I had a close friend of mine that when I met her she was enduring a severely abussive relationship (with an EX-BOYFRIEND) for over a year. When you see those situations, you wonder why on earth she doesn't just tell some one. Why would any one endure that pain? I think to myself, the first sign of abuse- I'm out of there and I'm telling some one. Then I meet this strong, confident person- who has this skeleton in her closet- and said she had always thought the same thing as me when she heard of those situations. Stupid girl, tell some one!
Maybe those what-if situations.. what if a man held a gun to your head? What if it were only you and another person stranded on an island with no food? What if God Himself told you to kill your child?
Gambling. How does any one get addicted to Gambling? There's no nicotine flowing from the machine into your brain that sends you home craving more. And yet people blow their entire salaries on Gambling. On Pay-Day they hit up the check-cashing store outside the casino and walk right in.
Drug-addicts, killers, the morbidly obese
We have this mindset, and maybe it's just me, but this mindset exists that our self-control will be strong enough to overcome what all these weaker people have succumbed to. Maybe it's this idea of invicibility that made me let my guard down for awhile. I had the notion when I heard of addictions that it couldn't possibly happen to me. I couldn't harm a fly. I'd just stop eating that badly when i saw myself growing heavier.

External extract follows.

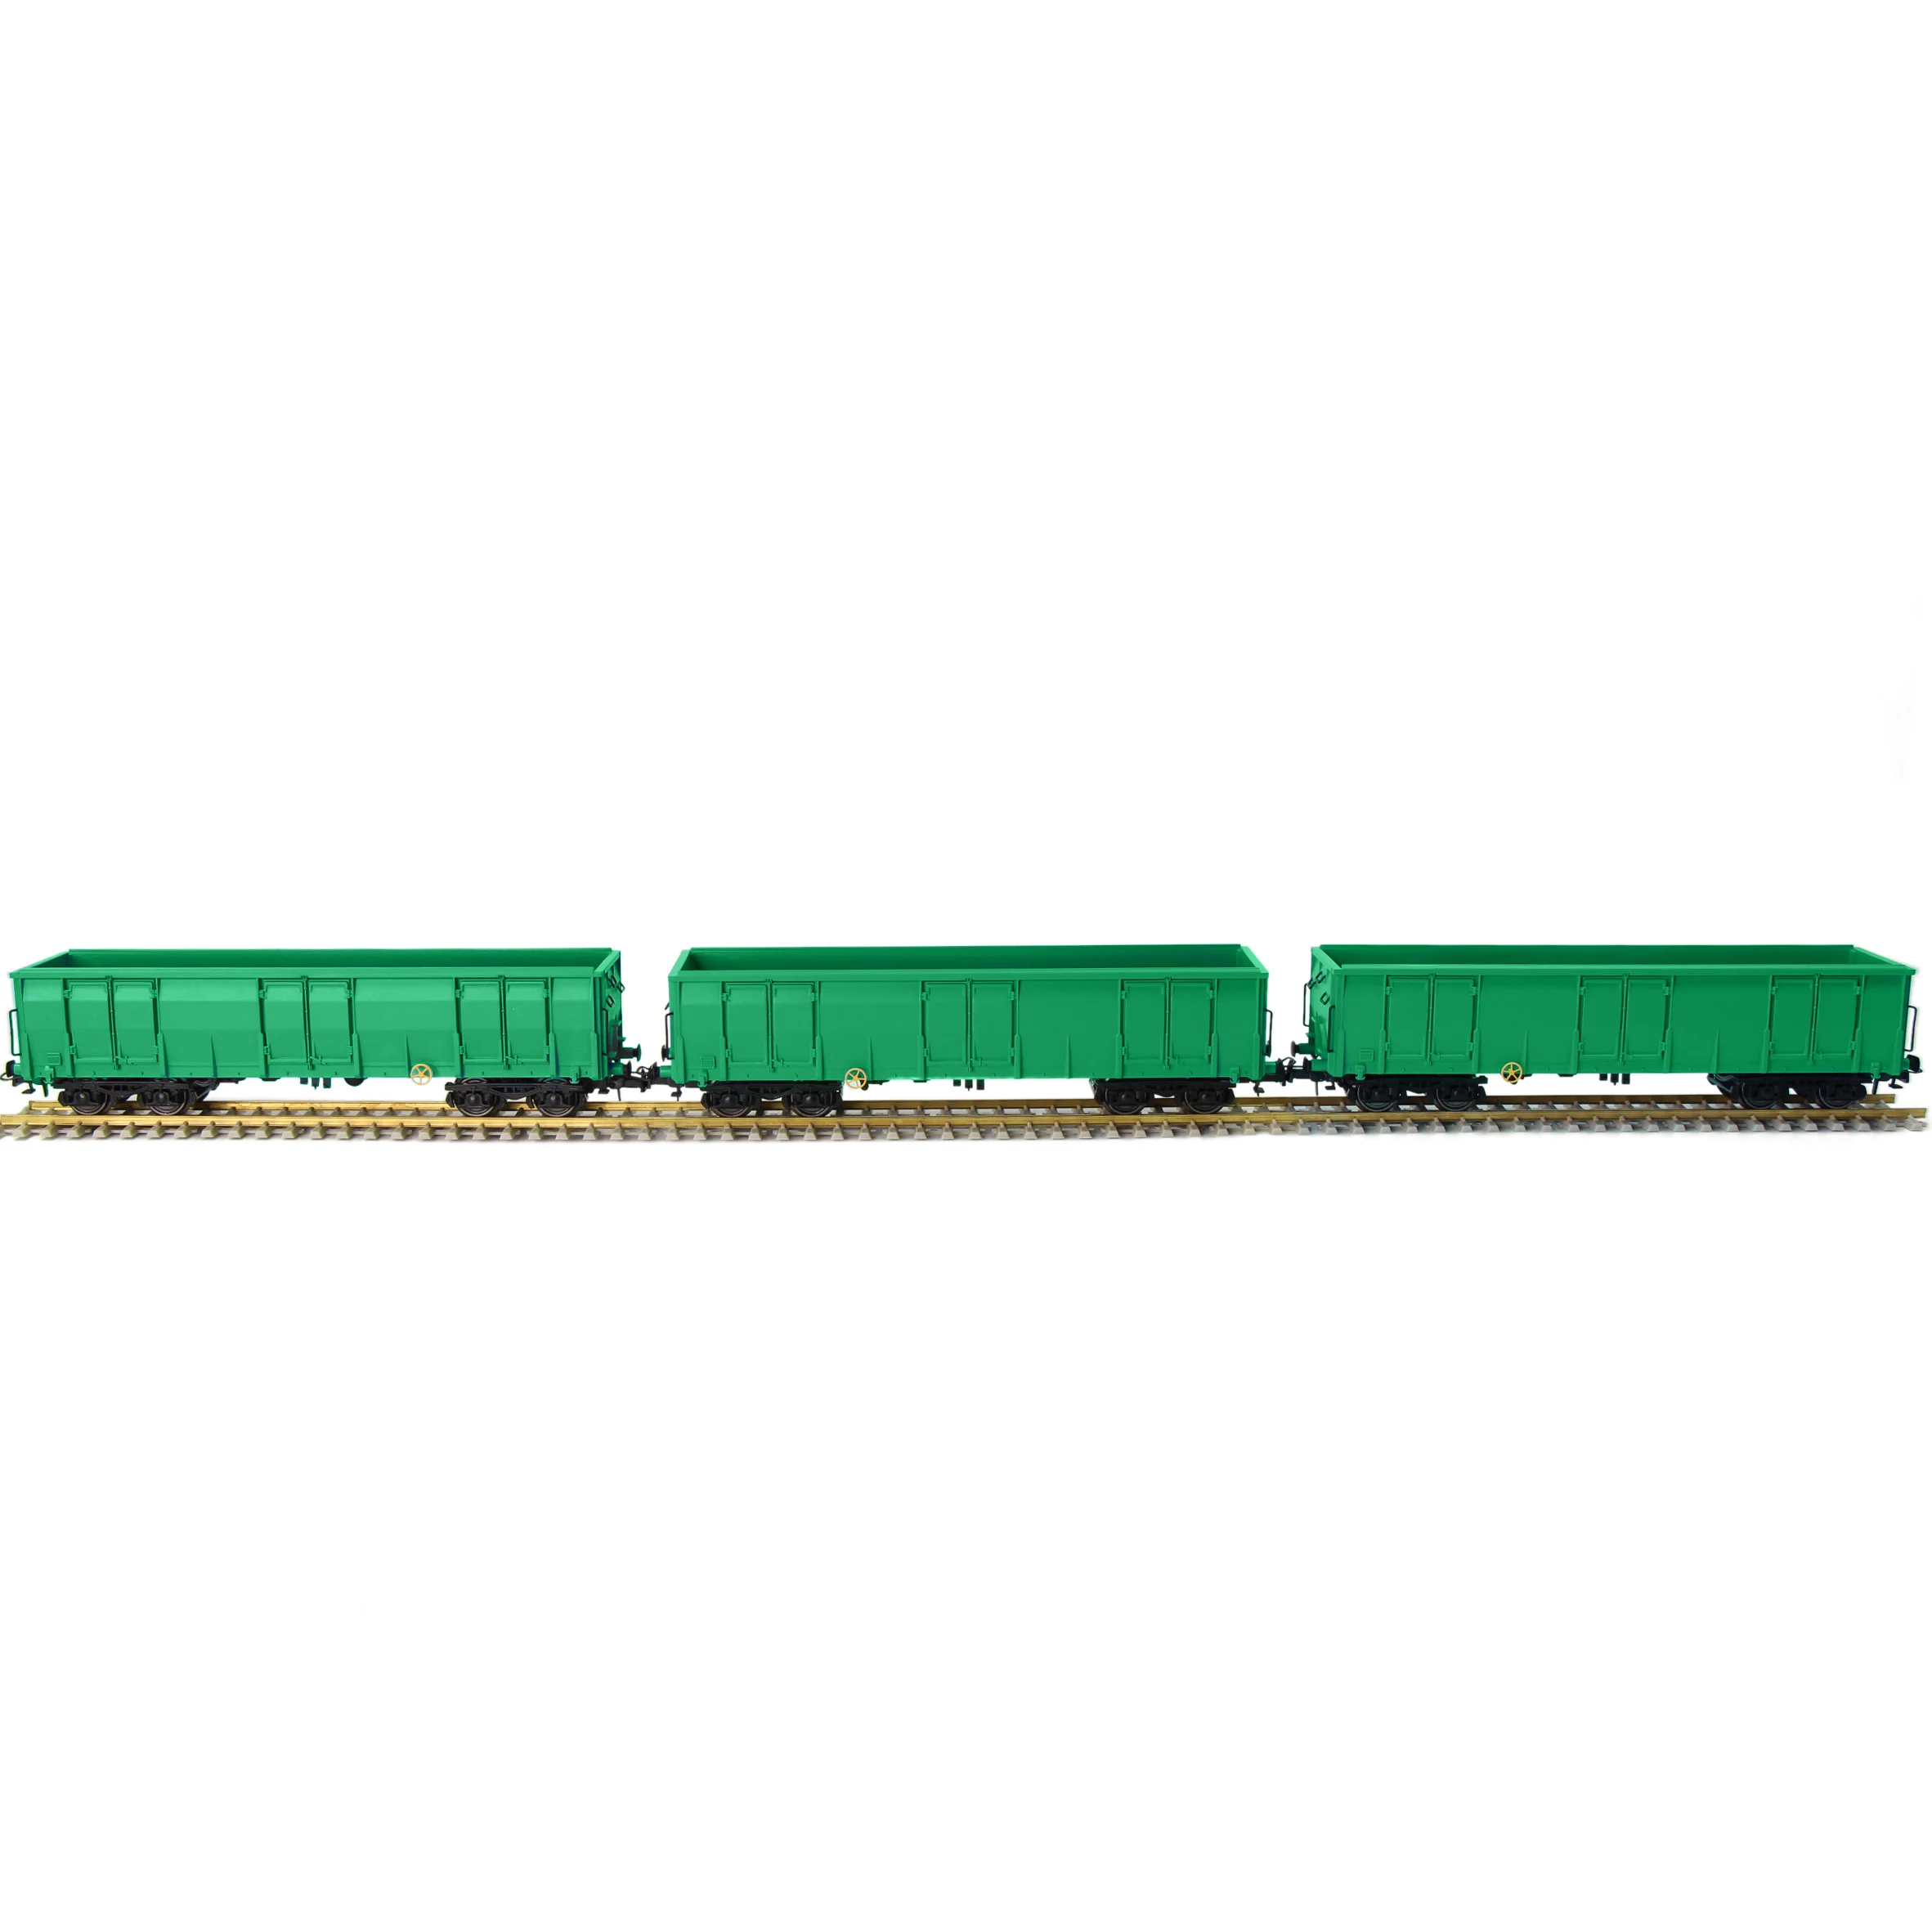 

3pcs HO Scale 1:87 High-side Gondola Car Green Wagon Rolling Stock Railway Container Carriage Freight Car C8742

Cheating on a partner, Alcoholism, underage pregnancy
I had a friend that told me he saw some one die right in front of him. Instead fighting off tears and remaining manly, he didn't have to fight off anything. He felt nothing. Once again, I reject the notion that I couldn't possibly be that indifferent. I mean it's human life we're talking about.
I'm amazed at what people can find themselves doing, or traps they find themselves in. I read books or hear stories and think it couldn't possibly happen to me. But isn't that what every single person who found themselves in any of the stated situation thought? They'd simply up and go from such situations.
What I need to do, and maybe any one else, come down from my cloud of naivete and realize i'm susceptible to anything; I am the weaker. It's my job to be aware of that, so i can prevent it.
I'm not personally experiencing any of the above stated, (no i'm not pregnant nor addicted to any drugs) but recent events made me question certain things, in different areas. Somehow it all came together, so I'm simply thinking things through.
All it takes is one passing glance where we lock eyes and it gets me thinking again.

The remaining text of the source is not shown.